Когда брат Раполас с самого начала стал отлынивать от любой работы, Довидасу ничего не оставалось, как только ждать, пока у того окончательно выветрятся замашки дворового и он примется за дело. Потому он и не напоминал Раполасу о его нерадивости, тем более что оно многократно перекрывалось стараниями его супруги.
В деревне любили дядю Раполаса, как и прежде, когда он был распорядителем. Раполас был на редкость покладистым болтуном, и уж коль скоро совался в чужие дела, то с умом, стараясь никого не обидеть. Он никому не надоедал, никого не унижал. Даже свойственные ему грубоватые словечки вовсе не воспринимались как грубые. Его осуждали лишь за то, что он, служа в поместье, вконец разленился и теперь не желал помогать брату.

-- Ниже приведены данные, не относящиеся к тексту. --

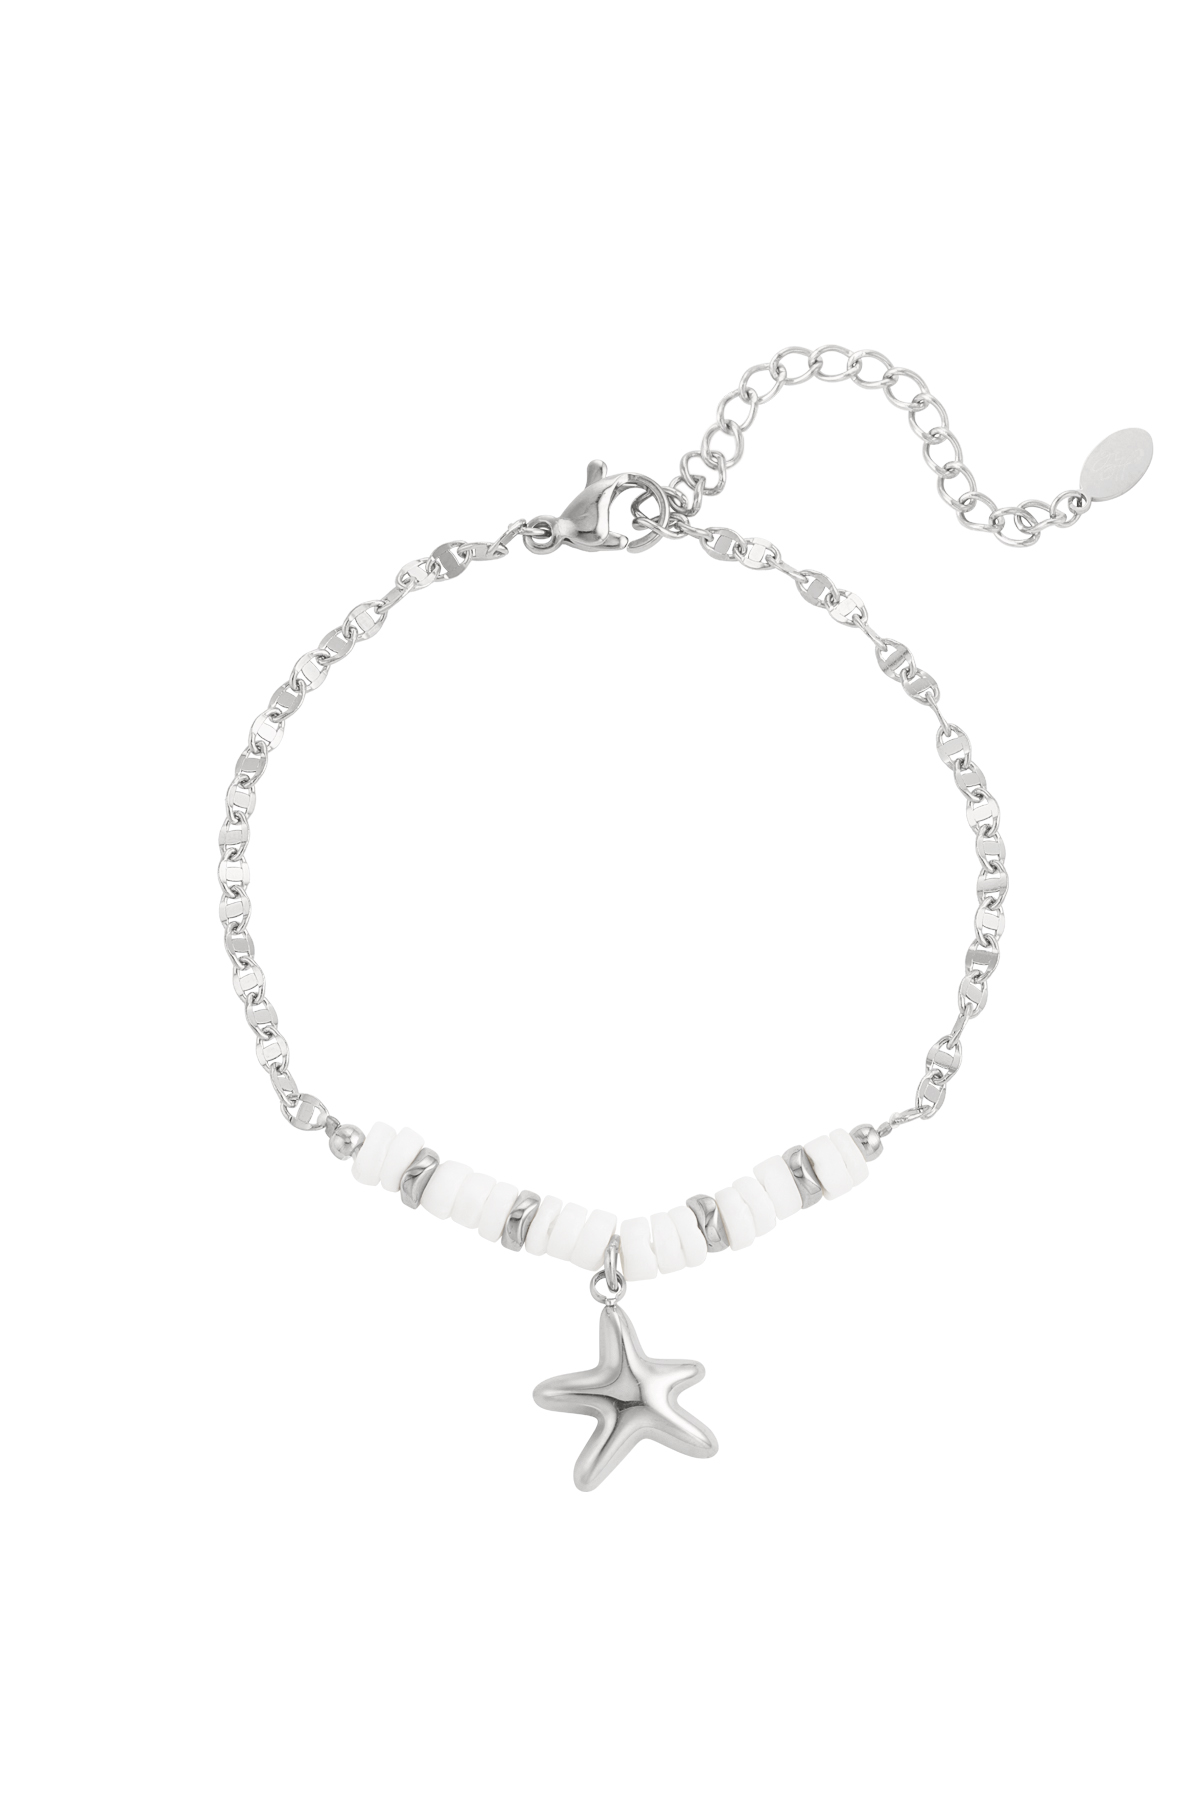 Bracciale perline e stella marina - argento

В глазах людей Раполас был неисправимым бездельником — он отлынивал от любой мало-мальской работы, как еврей в шабас, даже от такой, которая не требовала усилий; казалось, он добровольно избрал для себя удел доживающего свой век на чужих хлебах старика, инвалида, ненужной обузы для всей семьи. А ведь ему исполнилось всего шесть с половиной десятков лет, и рановато было считать себя недужным старикашкой. Да мало ли стариков, которые и в восемьдесят садились в седло и объезжали хозяйство. Когда Раполас слонялся без дела или рассказывал свои байки, не очень было похоже на то, что жизнь в нем угасает, как свеча, или что он превратился в трухлявый гриб, который вот-вот развалится на части.
И один бог ведает, на самом ли деле он был таким немощным, если не телом, то духом, или это просто-напросто отозвалось в нем со временем его прежнее бездельничанье, которое так тяготило Довидаса в ту пору, когда он был еще Довидукасом, а может быть, леность, которой лишь потворствовала его должность распорядителя поместья.
По правде говоря, исполнение этих обязанностей трудно было назвать работой — Раполас трудился в основном языком: давал многочисленные умные советы и не жалел понуканий; сам он к ним, разумеется, не прислушивался.
«Рентовщиком», неврастеником назвали бы его односельчане, имей они представление о модной болезни нервов и время болеть чем-нибудь, пусть даже серьезным. Раполас напоминал сломанную пополам палку: на месте, в котором она сломана, появляется столько острых отщепов, что, как оба конца ни соединяй, прямую палку не составишь, а уж о ее прочности и говорить нечего.
Утверждают, что есть такие ненормальные, которые боятся открытого пространства и пустоты: если им не за что ухватиться, они падают. Раполас мог бы относиться к их числу, только у него получилось наоборот: он нуждался в пустоте для того, чтобы руки всегда были свободны и не надо было за что-нибудь хвататься. Даже свою палку, без которой ему, видимо, было уже не обойтись, охотно совал Адомелису: играй, опирайся или скачи верхом.